Wir definieren uns zu oft über unseren hohen Intellekt oder eine gottgegebene Seele, die uns über die Tiere erhaben sein lässt. Während diese sich primitiv auf ihre Instinkte verlassen müssen, kann der Mensch seine Triebe kontrollieren und sie mit dem Verstand steuern. Davon gehen wir zumindest aus. Dass das ein Irrglaube ist, macht Melanie Challenger in den folgenden Kapiteln deutlich.
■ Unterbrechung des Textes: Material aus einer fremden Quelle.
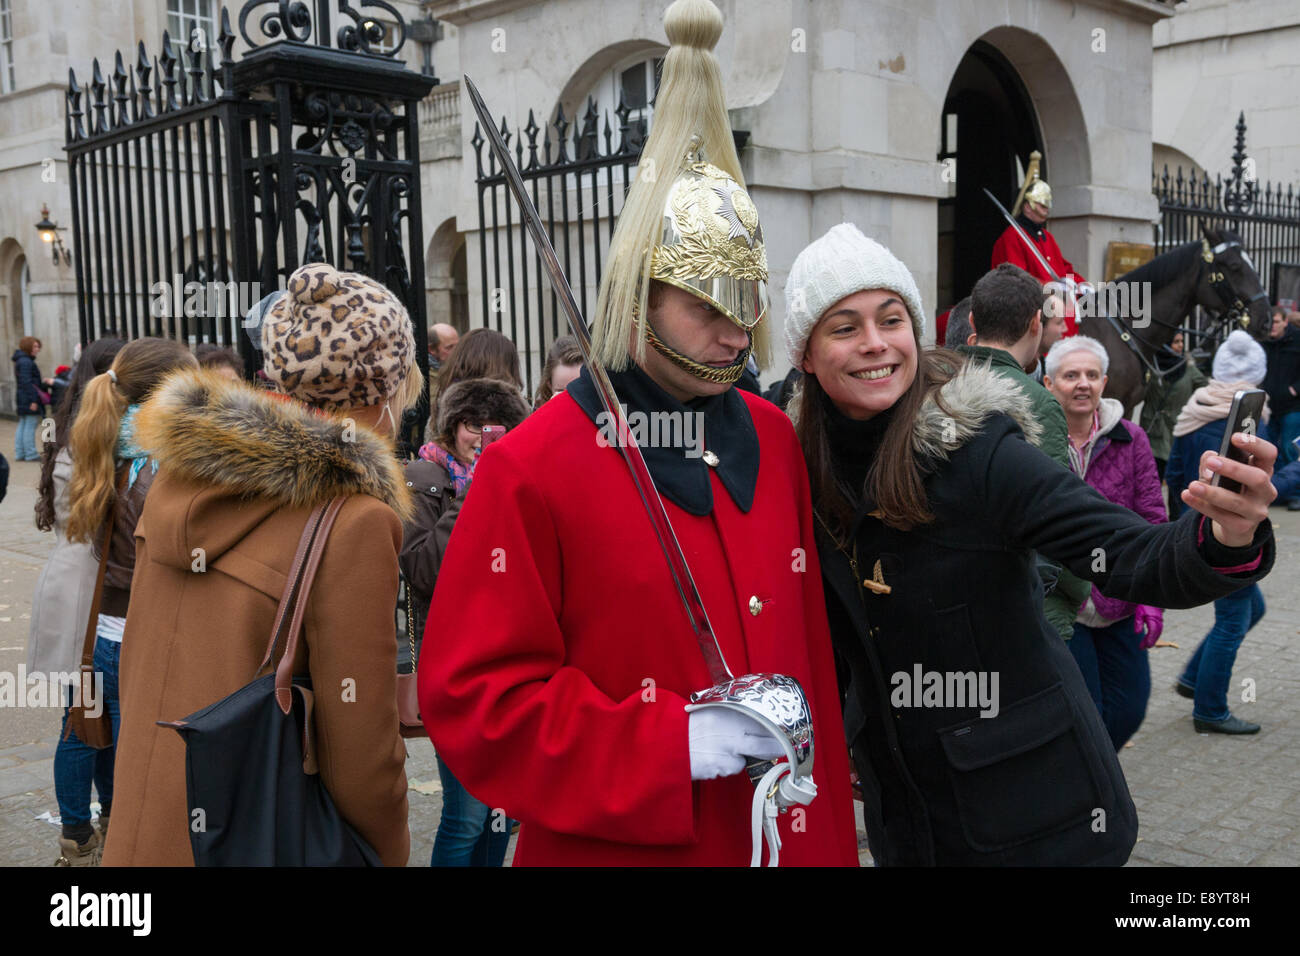 Prendre une femme avec un membre de selfies le Household Cavalry Regiment, gardiens de la vie, qui monte la garde à l'extérieur de Horse Guards Parade, Londres, Angleterre Banque D'Images

„Wir sind Tiere, wenn wir unsere Zähne in das Fleisch auf unserem Teller schlagen, aber nicht am Arbeitsplatz. Wir sind Tiere, wenn wir auf dem Operationstisch liegen, aber nicht, wenn wir von Gerechtigkeit sprechen. Dieser Riss durch die Menschheit soll uns vor der Sinnlosigkeit der kreatürlichen Existenz bewahren, und er ist das Fundament, auf dem wir unsere ganze Welt errichten.“
In „Wir Tiere“ von Melanie Challenger, S.13
Wie wir dieses Vergessen über unseren Ursprung seit Jahrhunderten perfektionieren, kann man in zahlreichen Bereichen unserer Gesellschaft erkennen. Durch Genmanipulation treiben wir es auf die Spitze und glauben, dass wir uns bis ins Grenzenlose optimieren können, vor dem Altern entkommen und uns unsterblich machen.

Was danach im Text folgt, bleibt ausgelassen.